Problem statement:
When you copy the data that follows, reproduce every word exactly and leave out the images.

Data shown:
##############################

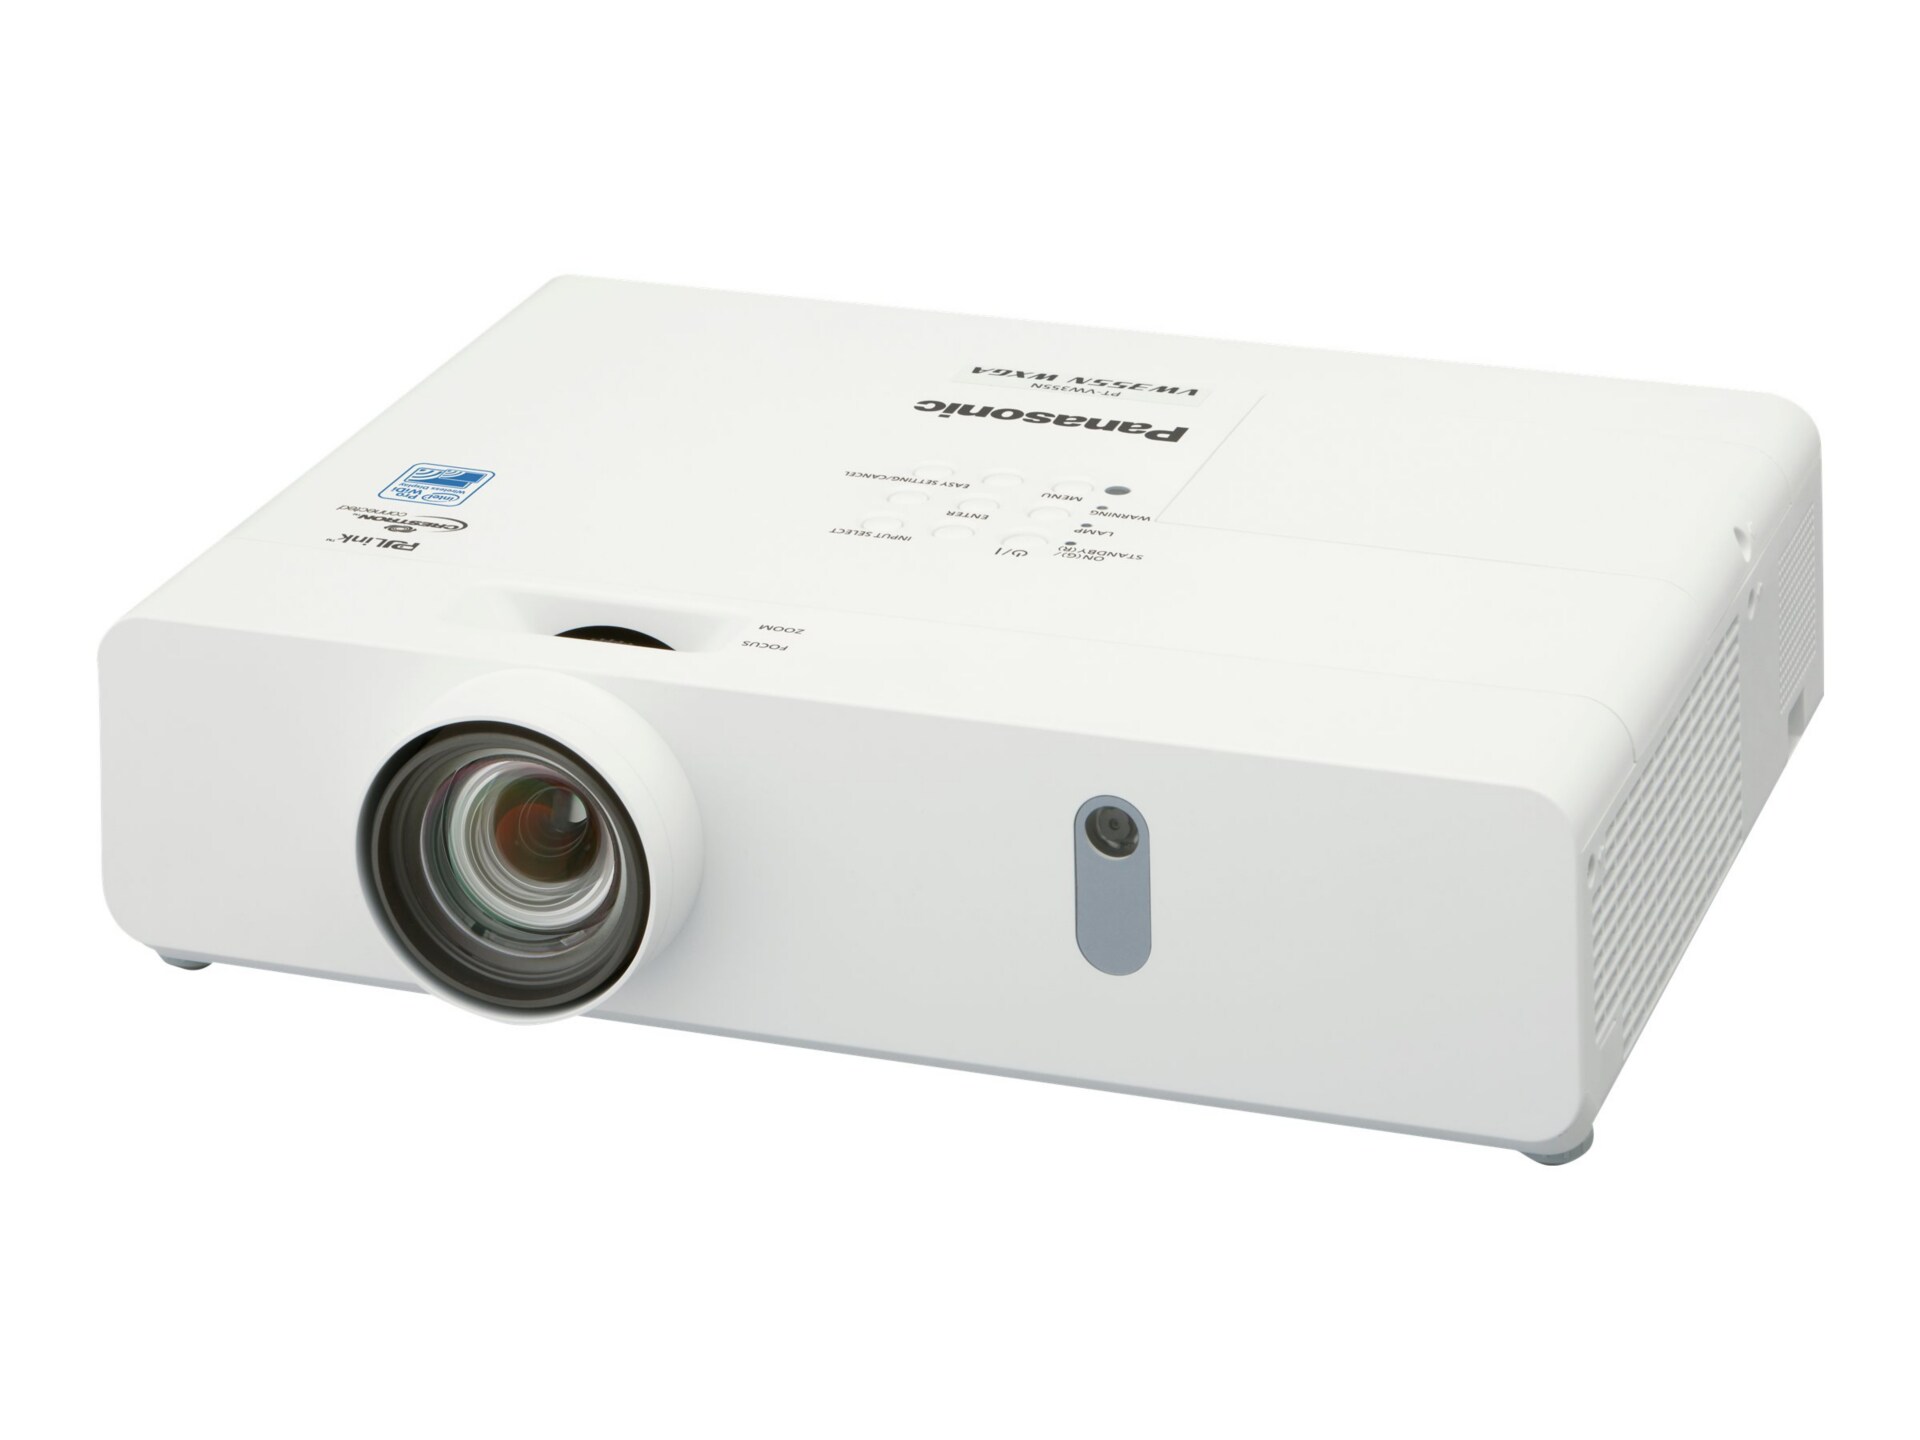 Panasonic PT-VX425NU - 3LCD projector - WiDi / 802.11a/b/g/n wireless / Miracast Wi-Fi Display
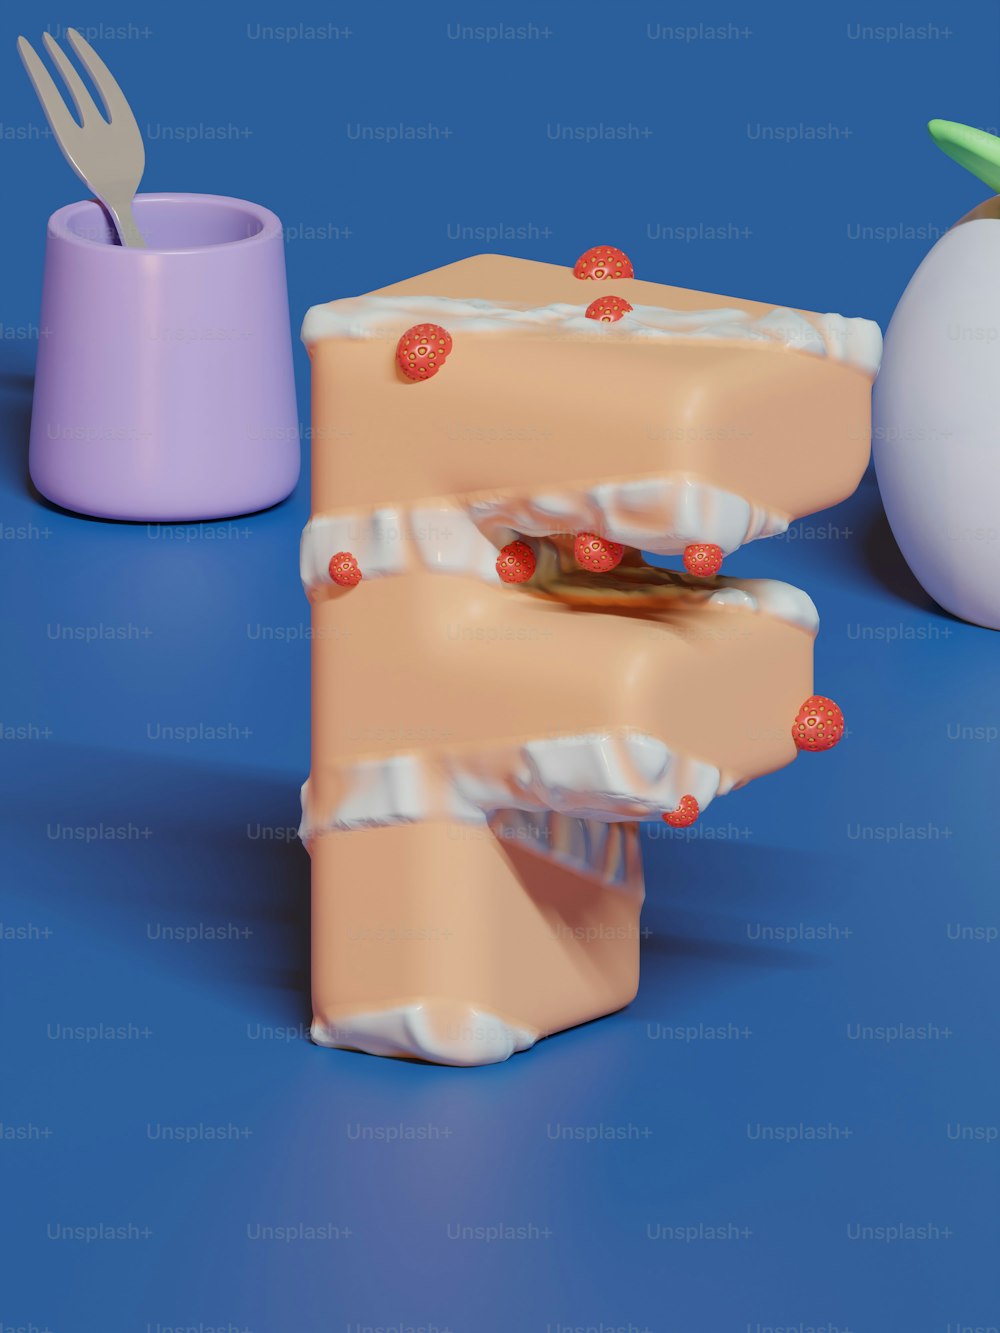 Un modello 3D di un pezzo di torta con una forchetta che sporge da esso
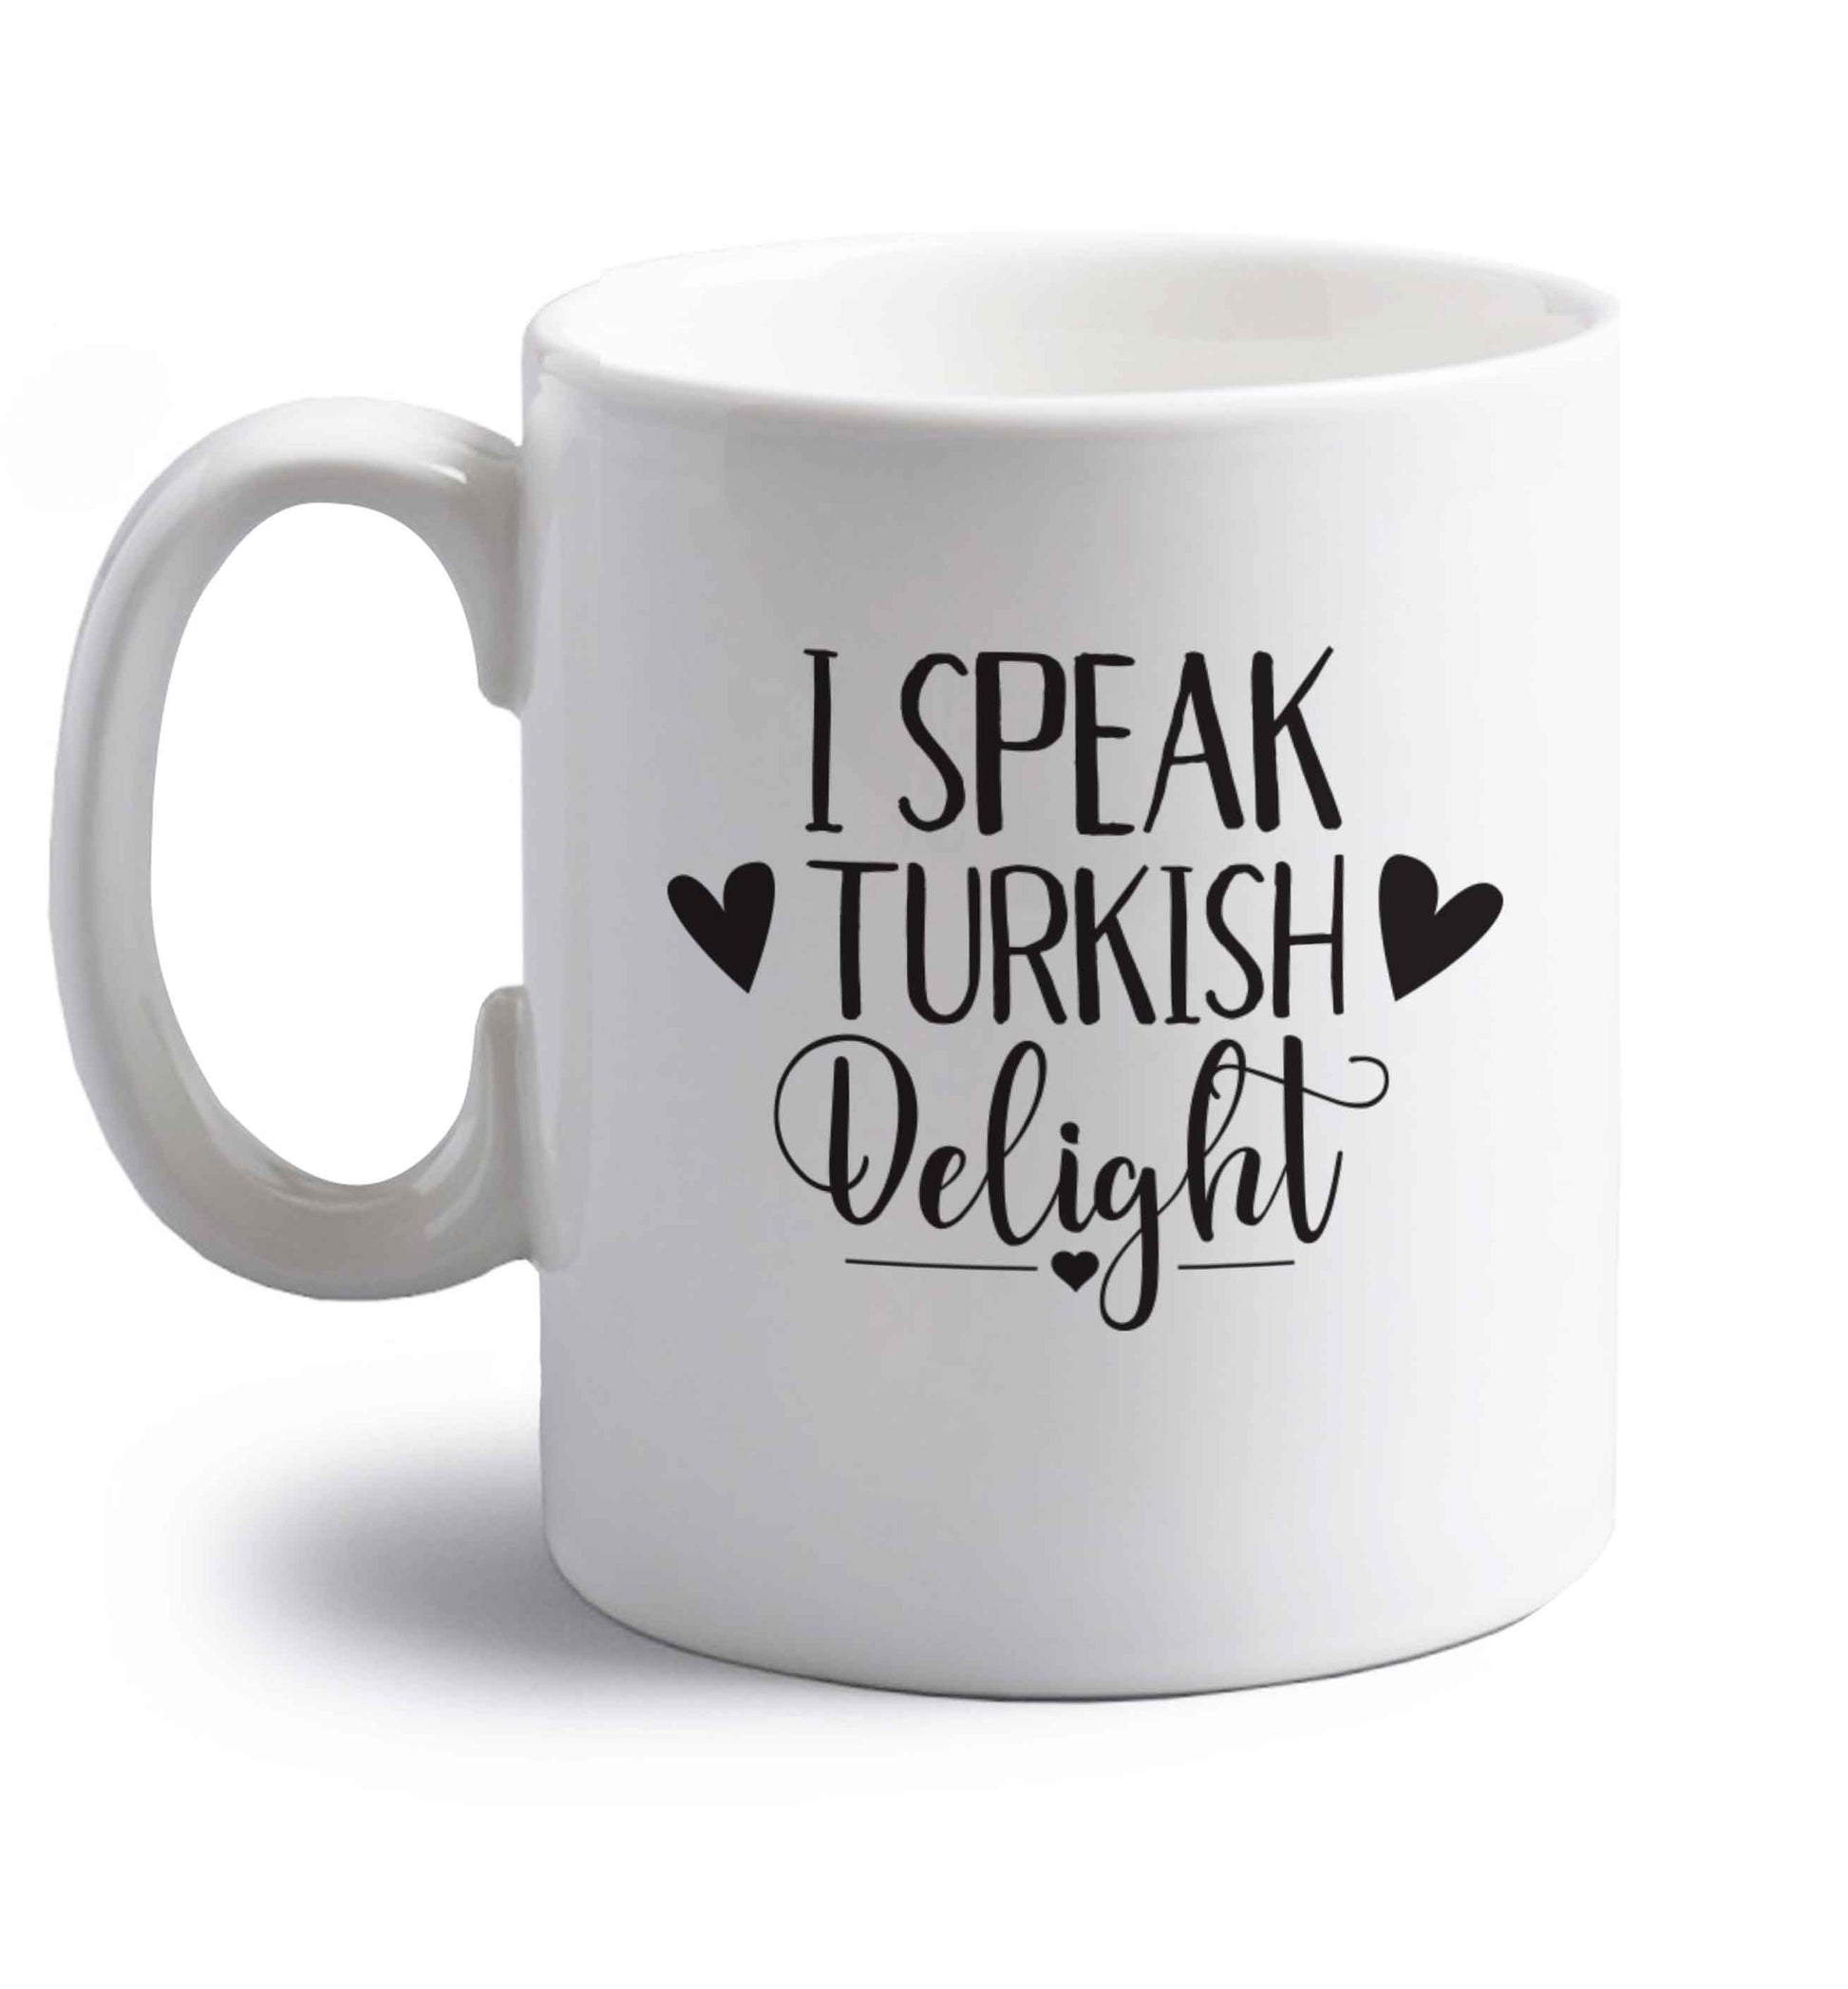 I speak turkish...delight right handed white ceramic mug

##############################

Finished task:
 Panasonic PT-VX425NU - 3LCD projector - WiDi / 802.11a/b/g/n wireless / Miracast Wi-Fi Display
 Un modello 3D di un pezzo di torta con una forchetta che sporge da esso
 I speak turkish...delight right handed white ceramic mug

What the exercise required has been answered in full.